To the Editor: Akathisia is an extrapyramidal symptom (EPS) that is characterized by an objective inability to sit or stand still and by a subjective feeling of inner restlessness.¹ It was first described by Haskovec, who linked symptoms of akathisia to dopamine receptor blockade in nigrostriatal regions of the brain.¹ It can present as a diagnostic and treatment challenge affecting the management of primary conditions. Furthermore, akathisia is associated with significant distress, and has been linked to aggression, violence, suicidality, insomnia, exacerbation of psychotic illness, tardive dyskinesia, and poor adherence to treatment.^2,3

We report two cases where the side effects of akathisia developed in the context of adding an atypical antipsychotic medication and polypharmacy.

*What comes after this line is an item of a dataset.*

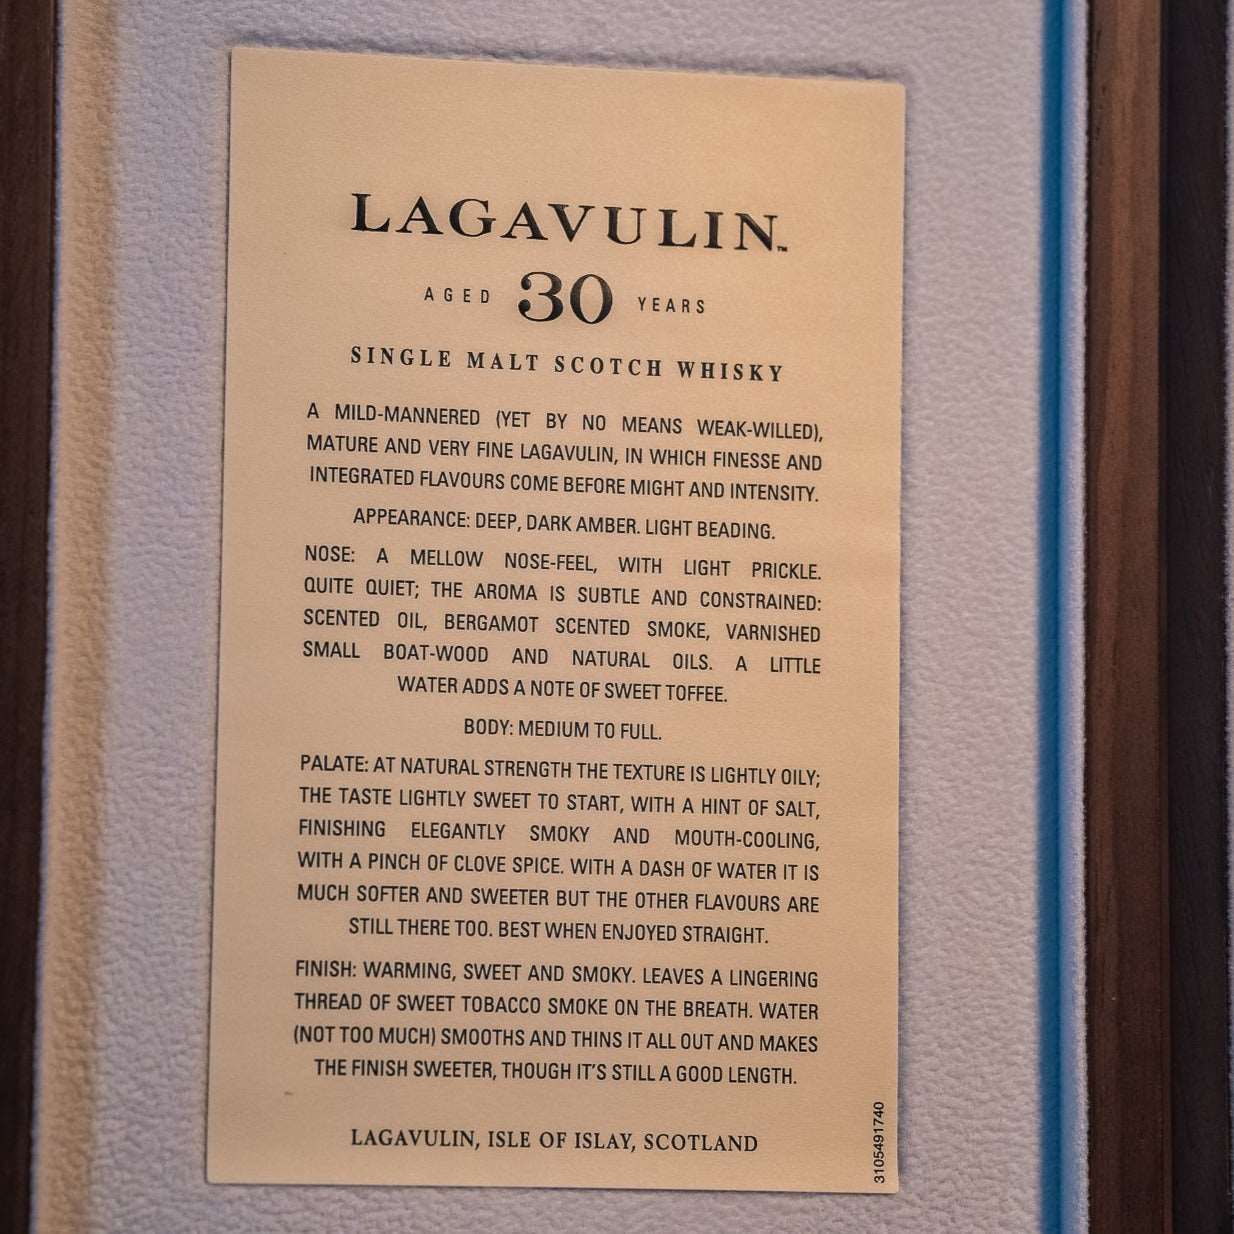 Lagavulin | 30 Jahre | 1991/2022 | Cask of Distinction #5403 | 0,7l | 44,3%GET A BOTTLE

A 25-year-old Caucasian man with schizoaffective disorder was maintained on risperidone (5.5 mg), aripiprazole (15 mg), and lithium (1,200 mg). His symptoms included thought disorganization, obsessive and intrusive thoughts with magical thinking, paranoid ideations, and visual hallucinations with graphic presentation of hurting his family. Asenapine was started as an augmenting agent at 5 mg sublingually twice a day after lack of clinical efficacy with aripiprazole and the patient’s refusal to increase risperidone because of its sexual side effects. Within a few days, he complained of severe restlessness, anxiety with panic-like symptoms, irritability, pacing around for hours, and inability to sit still. The Barnes Akathisia scale score was 10 out of a possible 14 points. Treatment with low-dose lorazepam or benztropine was not effective. Because of persistent symptoms, despite discontinuation of aripiprazole, it was decided to taper off asenapine, and akathisia symptoms resolved soon after the discontinuation of asenapine.

A 30-year-old Caucasian man with schizophrenia was maintained on quetiapine (450 mg) and aripiprazole (25 mg), Lexapro (20 mg), clonazepam (3 mg), and buspirone (30 mg). Asenapine 5 mg bid sublingually was started as augmentation for persistent thought disorder, paranoia, and mood instability. Within 3 days of starting asenapine, he complained of severe motor restlessness, inability to stand still, irresistible urge to move, and difficulty falling asleep, despite taking clonazepam. The Barnes Akathisia scale score was 9 out of 14 points. Asenapine was decreased to 5 mg daily and discontinued after 7 days of treatment. The patient reported a decrease in akathisia soon after stopping asenapine.

The differential diagnosis in these cases would include few conditions. Absence of mood symptoms, including irritability, and lack of response to anxiolytics rules out exacerbation of anxiety. Minimal changes in thought disorganization or paranoia exclude exacerbation of psychosis. Myoclonic jerks involving the legs have been described in restless-leg syndrome. However RLS and PMLD occur mainly at night.

The pathophysiology of akathisia is not clearly understood. Besides nigrostriatal dopamine blockade, serotonin (5 HT_2A) receptors in the prefrontal cortex as well as mesolimbic and tuberoinfuldibular pathway modulate the extent of dopamine release and counteract some of the D₂ blockade. This may explain why atypical antipsychotics cause less akathisia than typical antipsychotics.

Asenapine is an atypical antipsychotic with receptor profile including dopamine, serotonin, norepinephrine, and histamine-receptor subtypes.⁴ In clinical trials, it was found that asenapine’s affinity for 5 HT_2A is 19 times higher than D₂ receptors.⁵ However, therapeutic doses of asenapine (5 mg and 10 mg) still lead to 75%–85% of D₂ receptor occupancy⁶ Although it is difficult to predict a direct causal relationship, our patients developed akathisia soon after asenapine was added. It could be argued that they were also treated with other atypical antipsychotics.

In clinical trials, aripiprazole-induced akathisia is significantly higher than placebo.⁷ Aripiprazole’s partial agonism at D₂ and 5 HT_IA protects against extrapyramidal symptoms but not against akathisia.⁸ Therefore, a sufficient degree of the 5-HT_2A antagonism and a high 5-HT_2A-to-D₂ occupancy seems to be protective against akathisia.

Although it is plausible that asenapine could increase risk of akathisia, pharmacodynamic interactions among antipsychotics or cumulative dose-dependent effects leading to akathisia cannot be ruled out. Clinical approaches as starting with low dose, preventing polypharmacy, and vigorous treatment of akathisia are essential.